By Tom Debley
Director of Heritage Resources
This Oakland Tribune clipping is one of many news stories when Kaiser Permanente began opening its doors to the public.
Sixty-five years ago this month the curtain was about to fall on the dreadful years of World War II, and Dr. Sidney R. Garfield and industrialist Henry J. Kaiser were raising the curtain on their plans to expand their prepaid Permanente Foundation Health Plan—later renamed Kaiser Foundation—beyond Kaiser’s employees to the general public.
So it was, in July 1945, that they announced that the “first large extension of the family health plan” beyond Kaiser workers would be in Vallejo, California, about 30 miles northeast of San Francisco.

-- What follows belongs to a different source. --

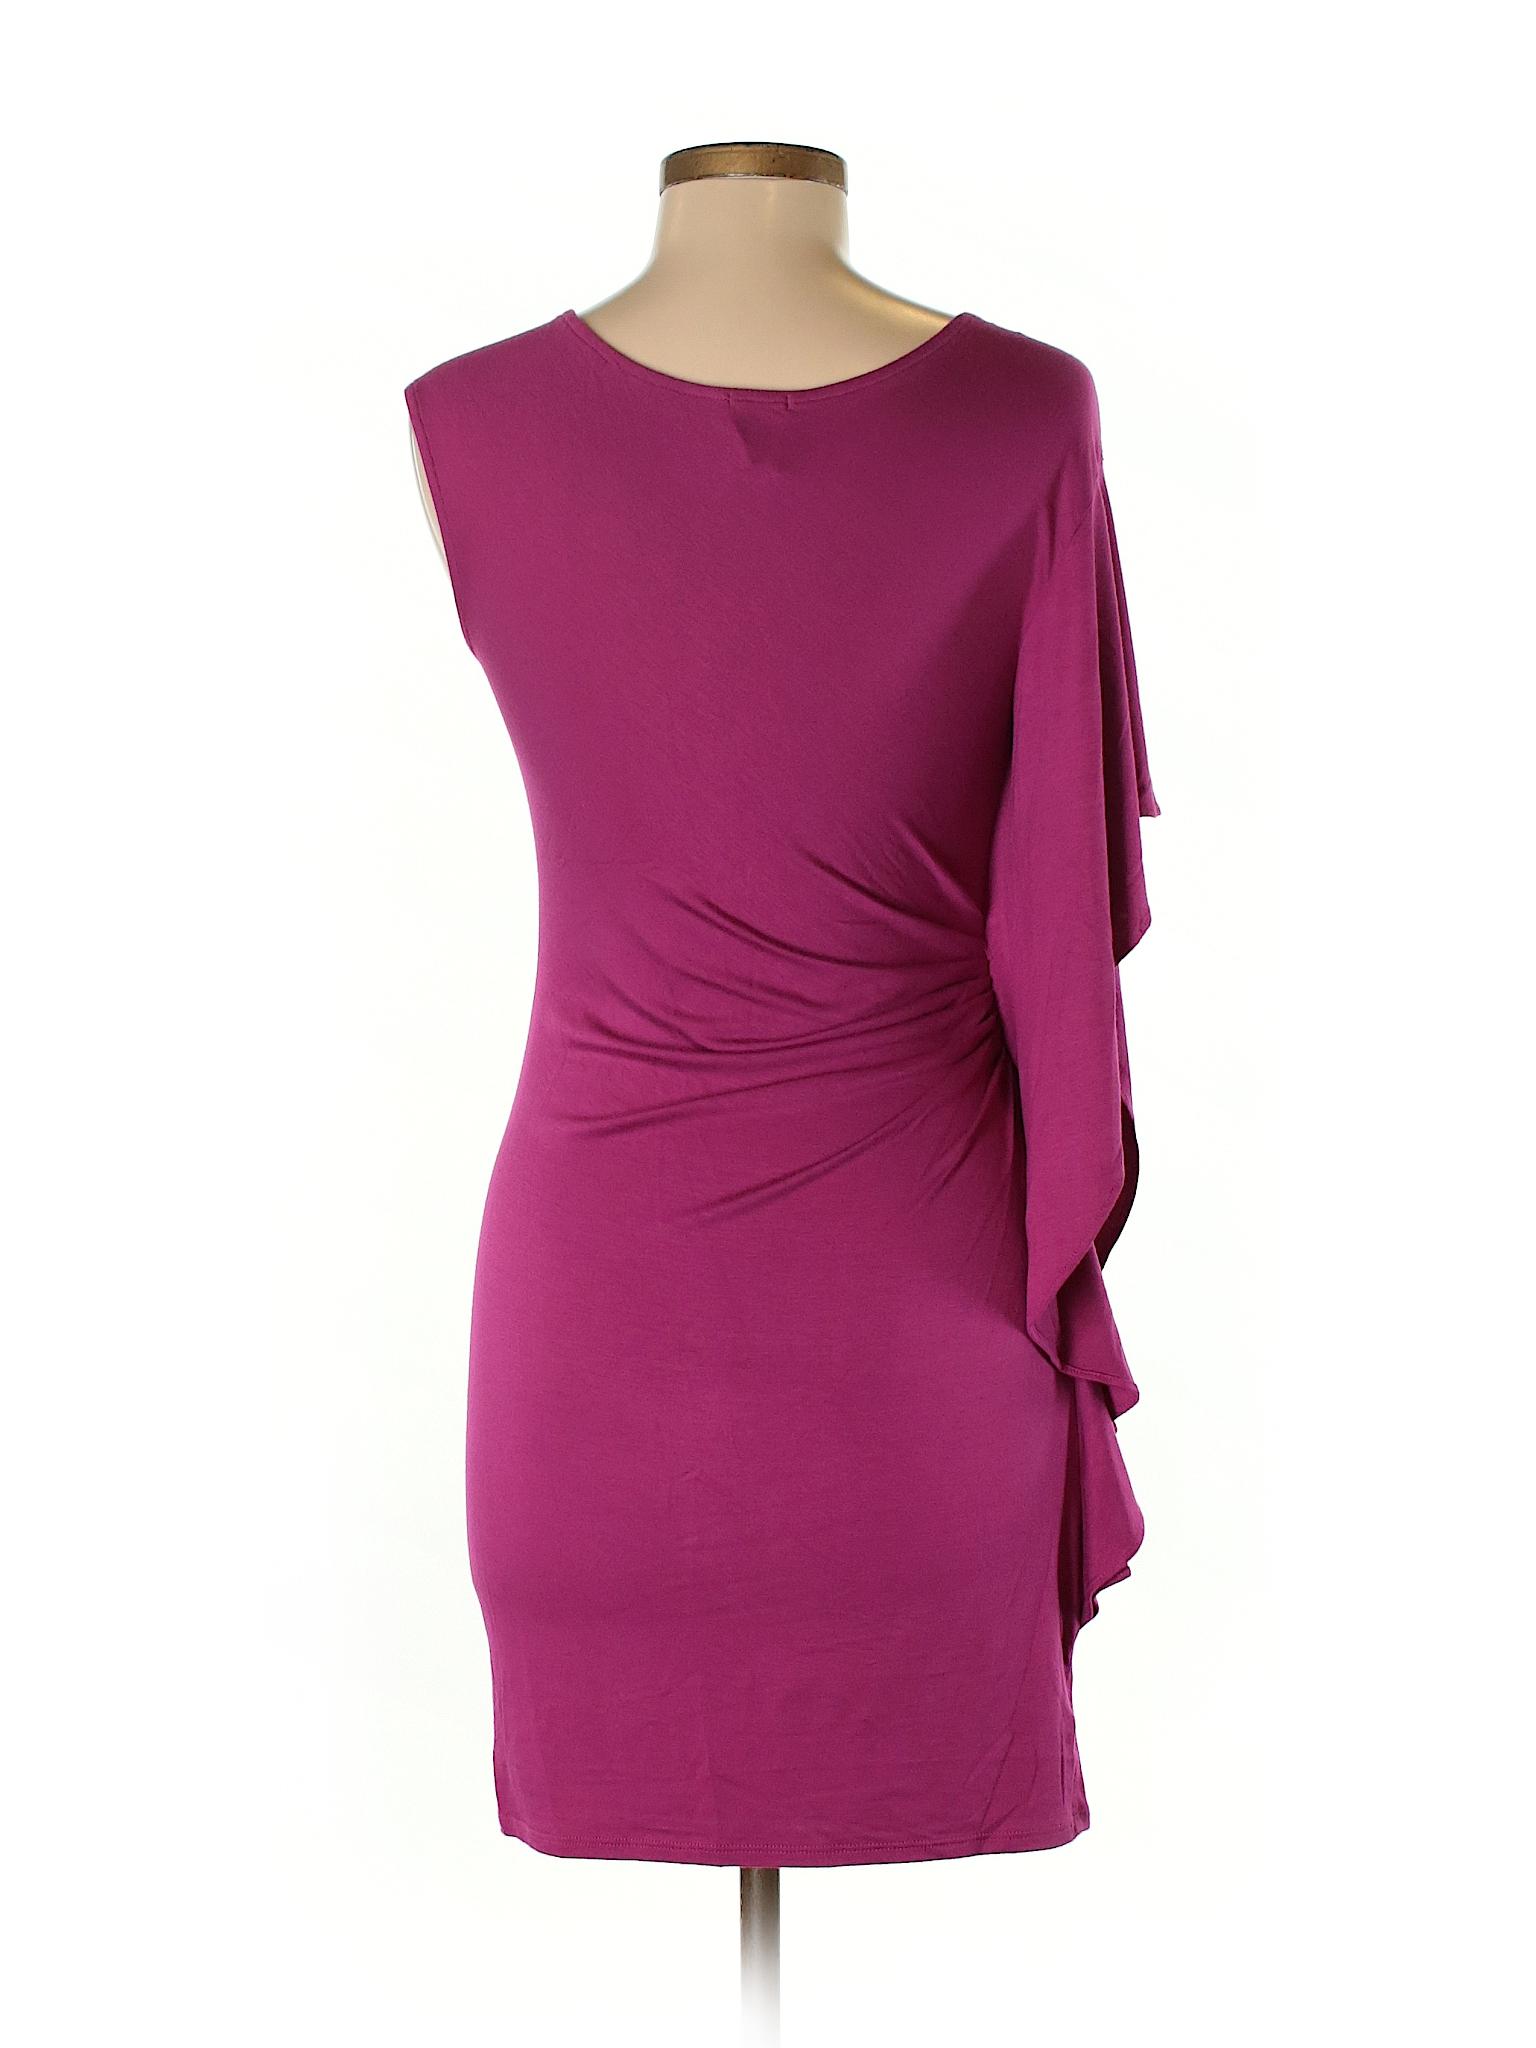 Ella Moss Boutique Dress winter Casual w0qA51a

The idea of going to Vallejo with a Kaiser Foundation Health Plan and Hospital resulted from a grassroots invitation from citizens there—a sort of populist request for prepaid medical care. That should come as no surprise. The new medical care program—nicknamed “a Mayo Clinic for the common man” by one writer of the era—had been a hit with workers in the wartime Kaiser Shipyards in nearby Richmond and was getting nationwide media notice.
“I don’t see why this can’t be done everywhere, for everyone,” said one shipyard worker. “This should be for everybody,” added another. “We must organize and demand this not only for us workers but for all their families. It should be for everybody in America.”
Against that backdrop, Kaiser Permanente was invited to town by a tenants’ council of the Vallejo Housing Authority to provide care for residents of eight large wartime public housing dormitories. A doctor was assigned to each dormitory and a clinic was set up within an existing public health service infirmary.
Meanwhile, with the cooperation of local physicians, a citizen’s committee had unraveled wartime bureaucracies to get the government-sponsored Vallejo Community Hospital opened in 1944. It was needed because the Mare Island Naval Shipyard at Vallejo and the nearby Benicia Arsenal ordnance facility had drawn thousands of wartime civilian workers. The city’s few doctors had been swamped by a flood of new patients.
However, with the war ending, the government was no longer willing to support a community hospital. The military-style facility—long, low buildings spread over 30 acres—closed after the war ended in August, leaving thousands of civilian families without medical care.
Before long, the not-for-profit Kaiser Foundation Health Plan needed a full service hospital in Vallejo. So, on April 1, 1947, Kaiser Permanente re-opened the 250-bed Vallejo Community Hospital as its own, having first leased it as surplus property from the Federal Works Agency. Later, it bought the hospital at the site where Kaiser Permanente’s Vallejo Medical Center remains to this day.
“This…marks the beginning of efforts now underway by the Kaiser organization to offer Permanente Foundation facilities to all groups interested in complete prepaid medicine,” the July 1945 announcement read. The existing facilities were those on the Home Front of World War II serving Henry Kaiser’s shipyards and steel mill. They were in Richmond, Oakland, and Fontana in California and in Vancouver in Washington state.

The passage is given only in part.